◆ WHAT TO PRODUCE
All that is wanted is the exact text of the lines below from the one with "dreamcloud pillows 2021 non biased reviews" through the one with "Mobile Billboard Atlanta", inclusive, minus any pictures.
Start of DATA EXTRACTS
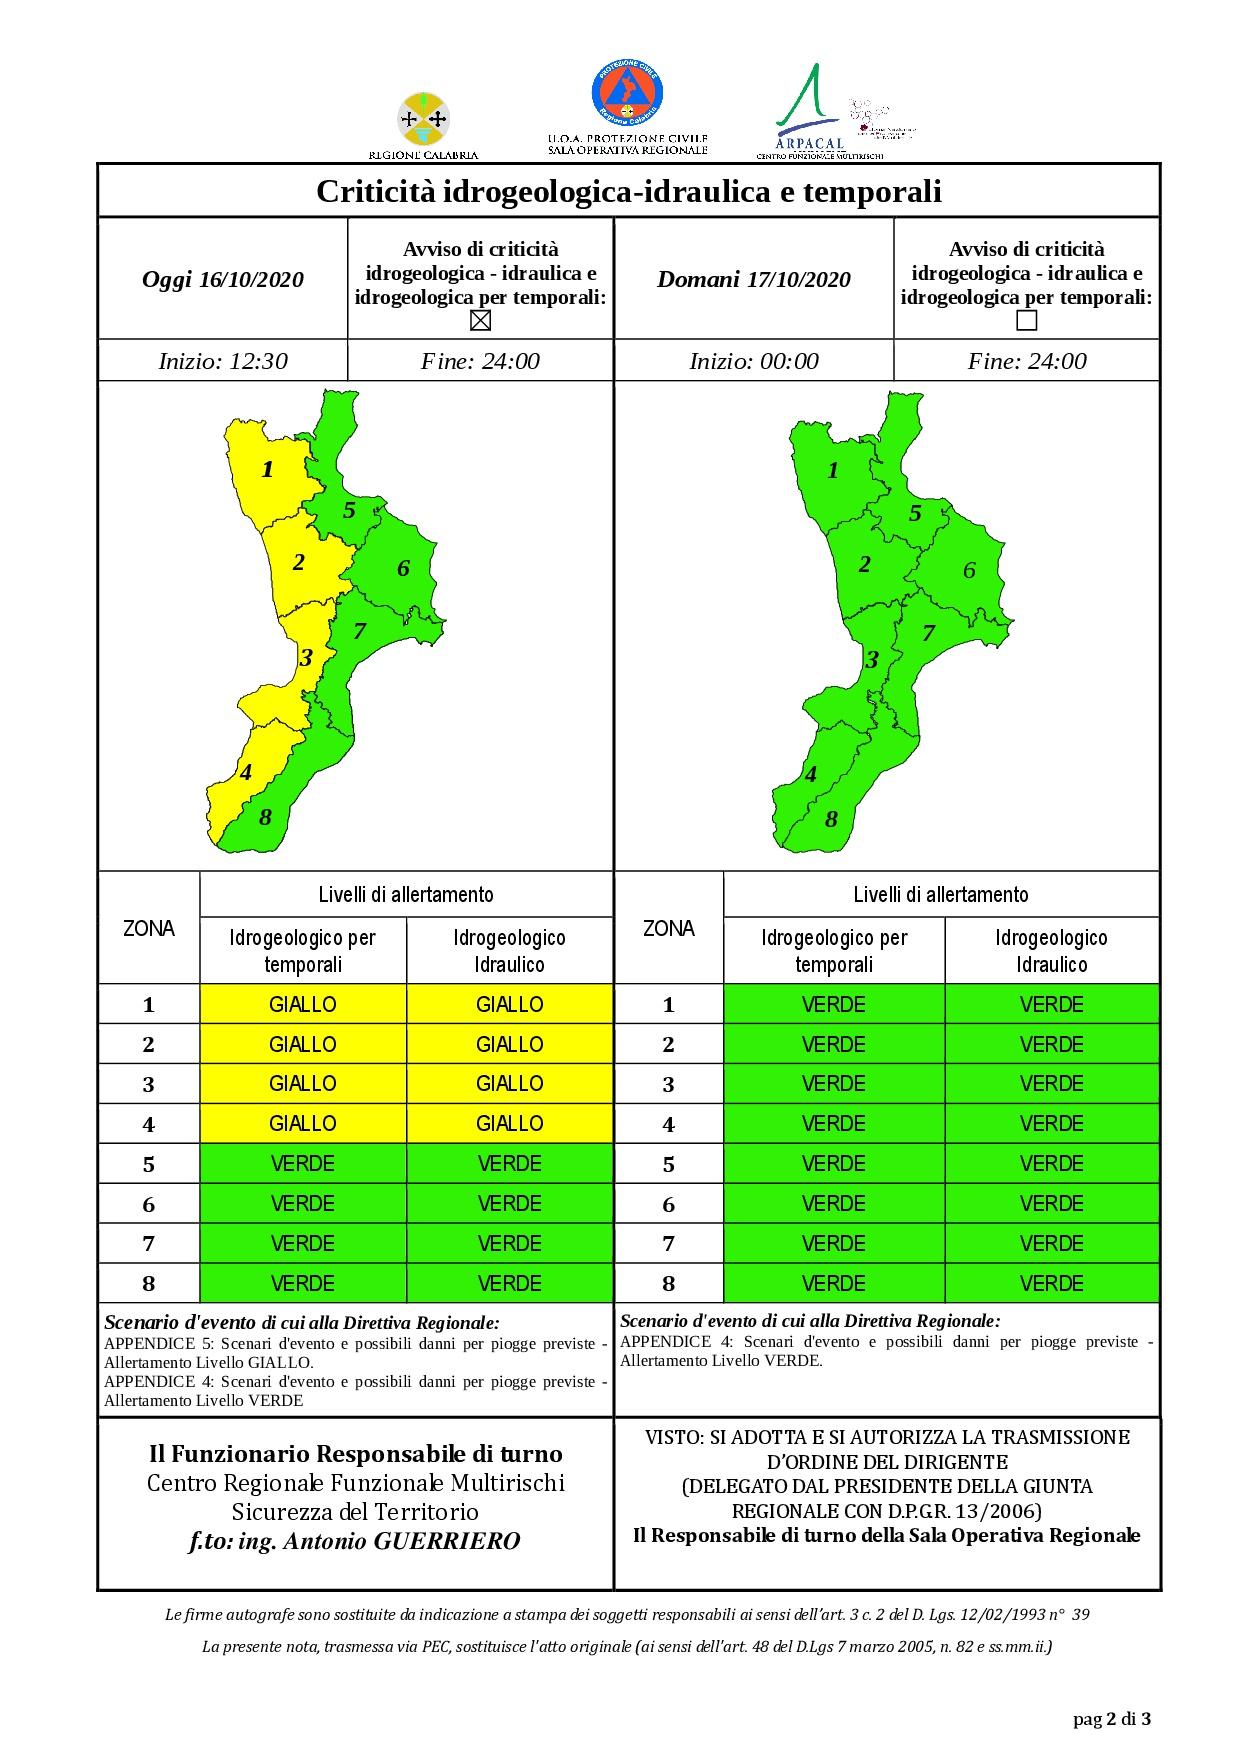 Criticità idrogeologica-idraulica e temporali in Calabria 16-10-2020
End of DATA EXTRACTS
Start of DATA EXTRACTS
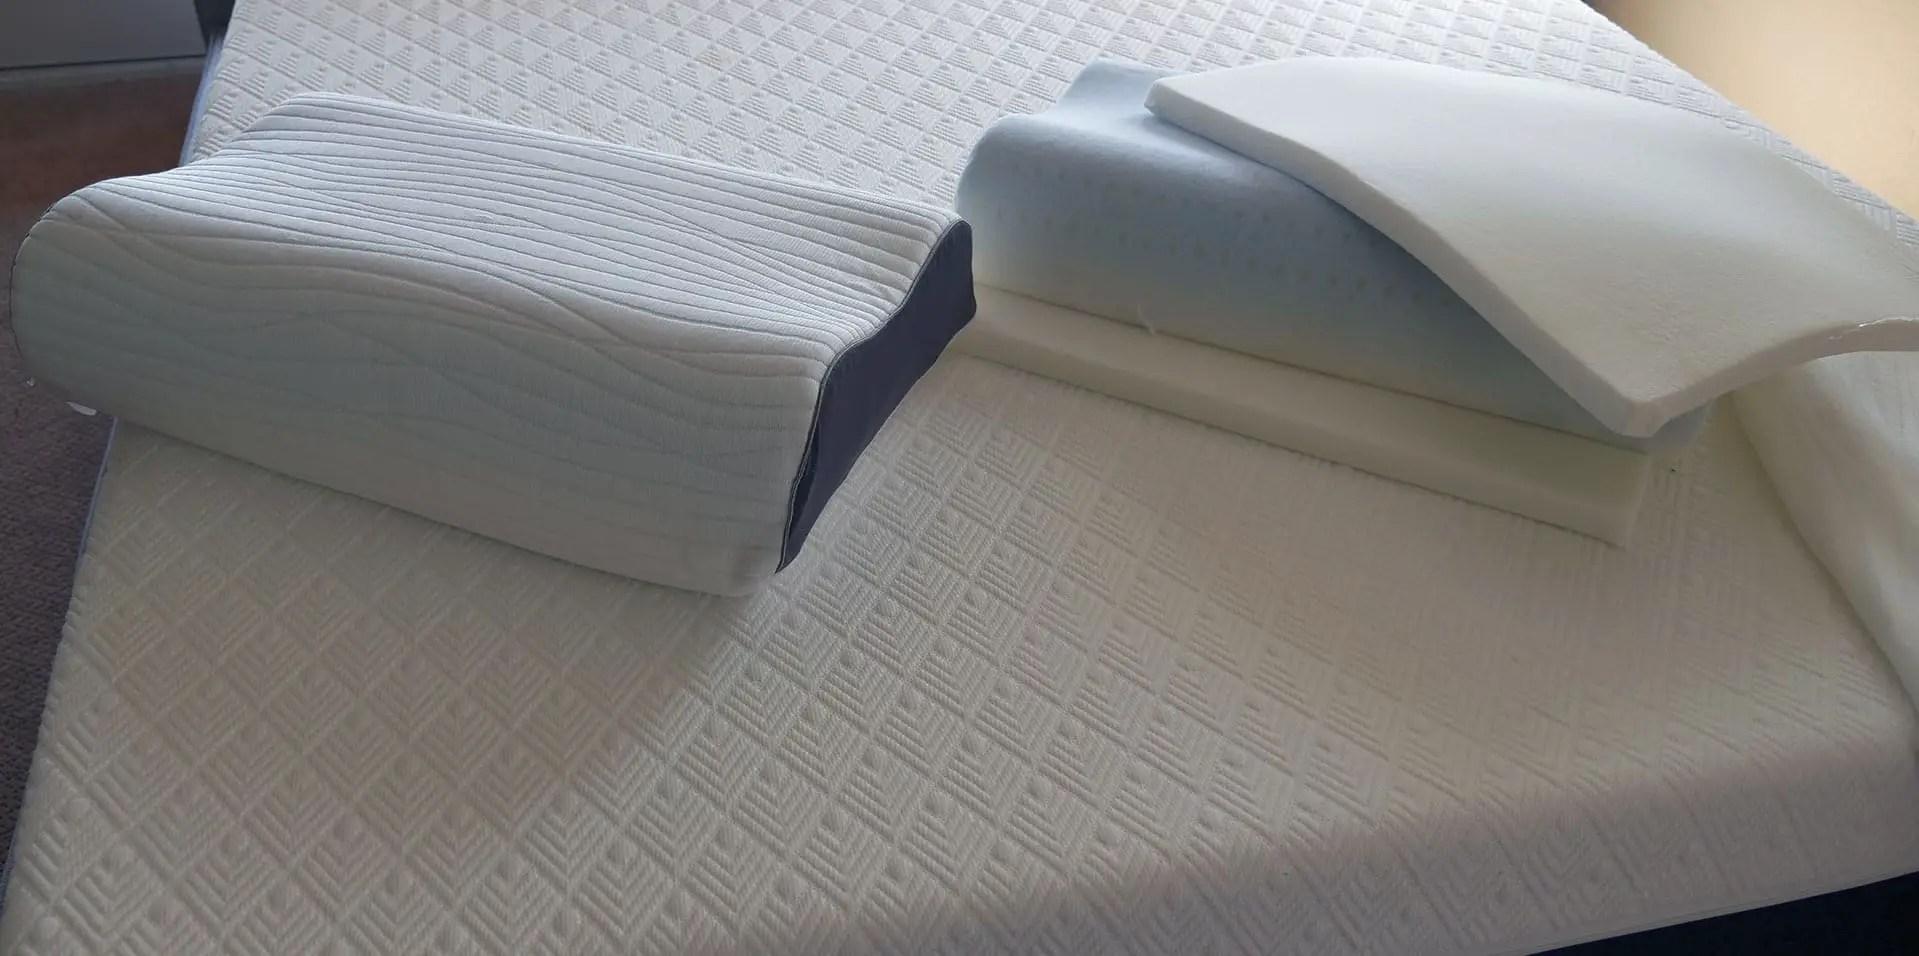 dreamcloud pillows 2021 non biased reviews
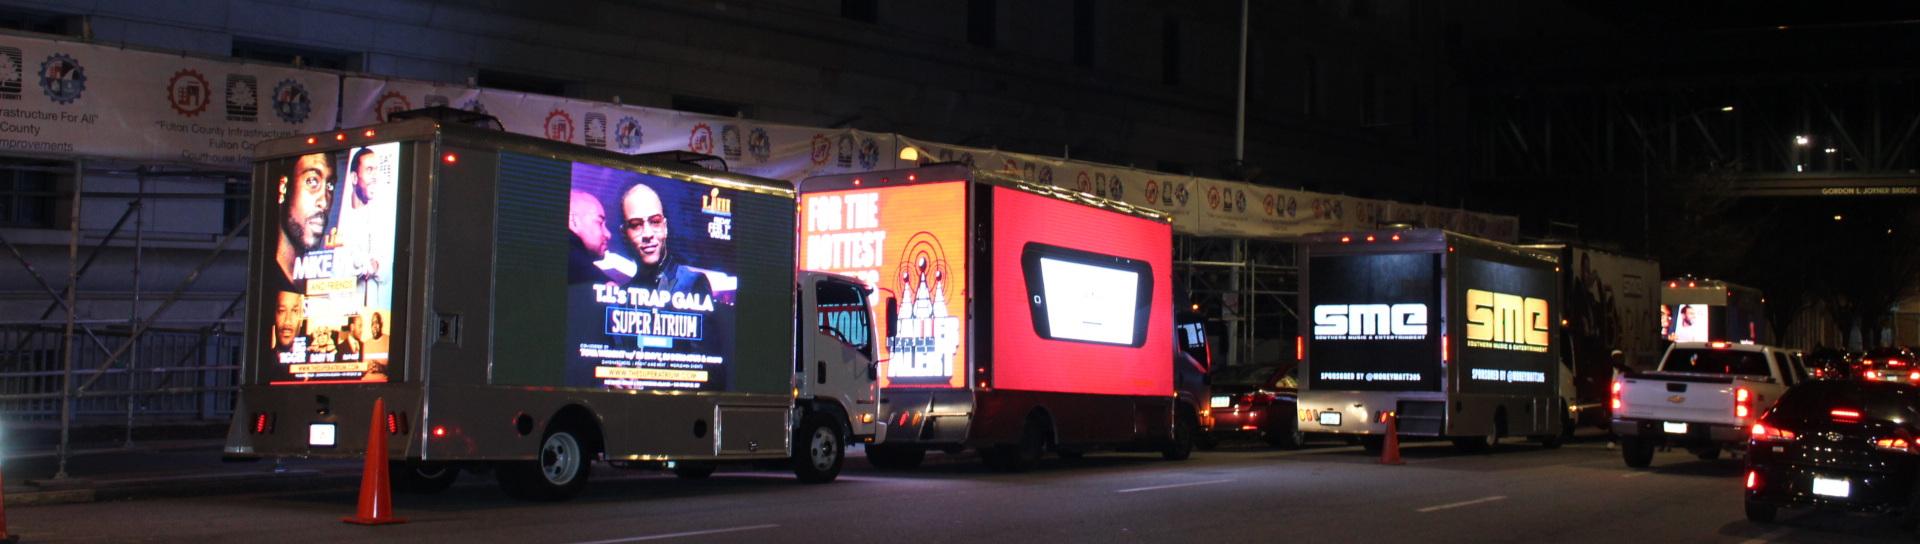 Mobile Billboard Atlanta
End of DATA EXTRACTS
Start of DATA EXTRACTS
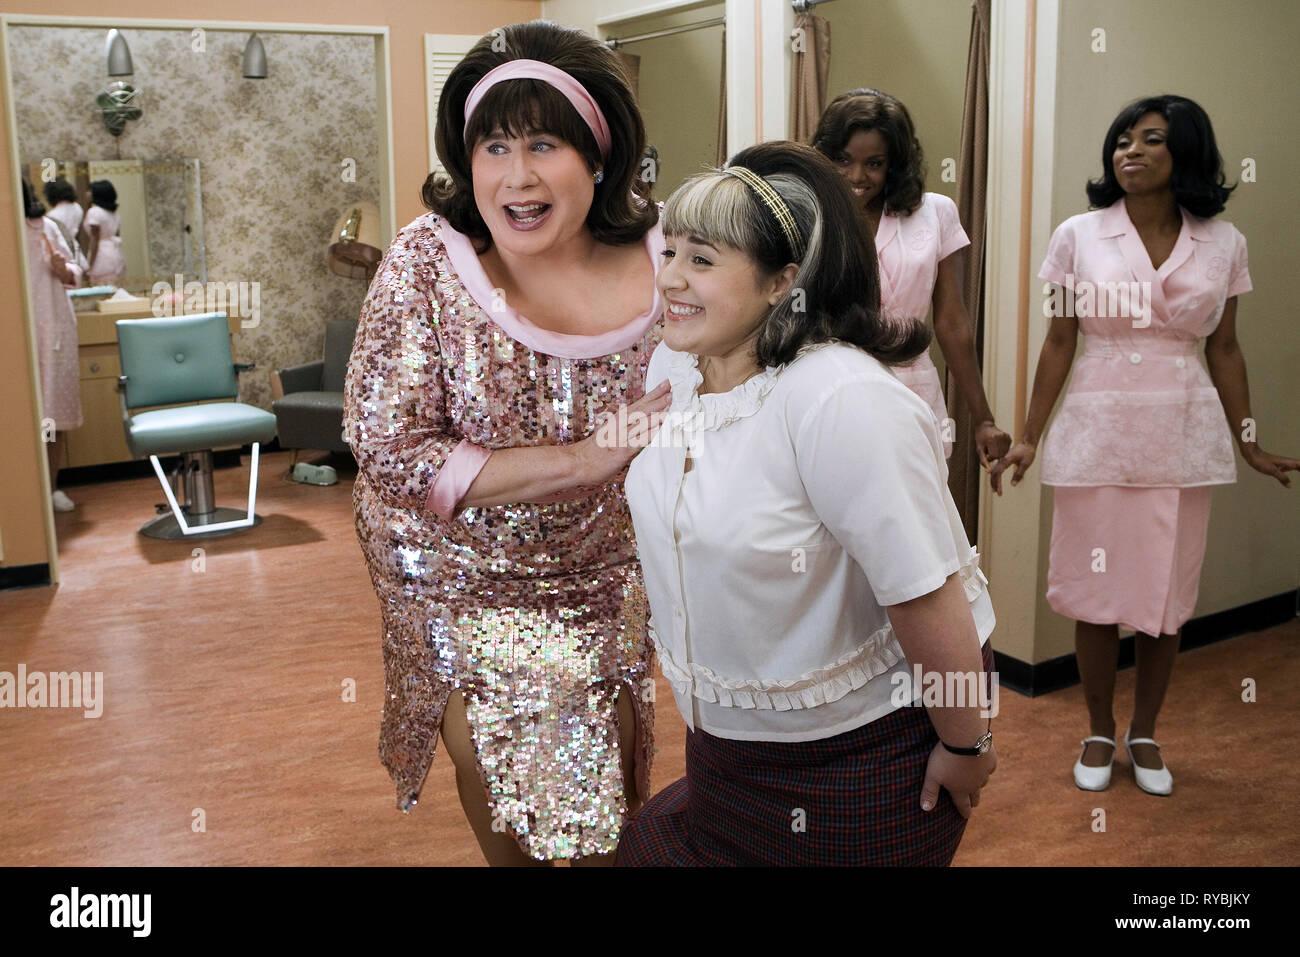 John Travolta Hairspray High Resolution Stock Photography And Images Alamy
End of DATA EXTRACTS
◆ RESULT FOR THIS EXERCISE
 dreamcloud pillows 2021 non biased reviews
 Mobile Billboard Atlanta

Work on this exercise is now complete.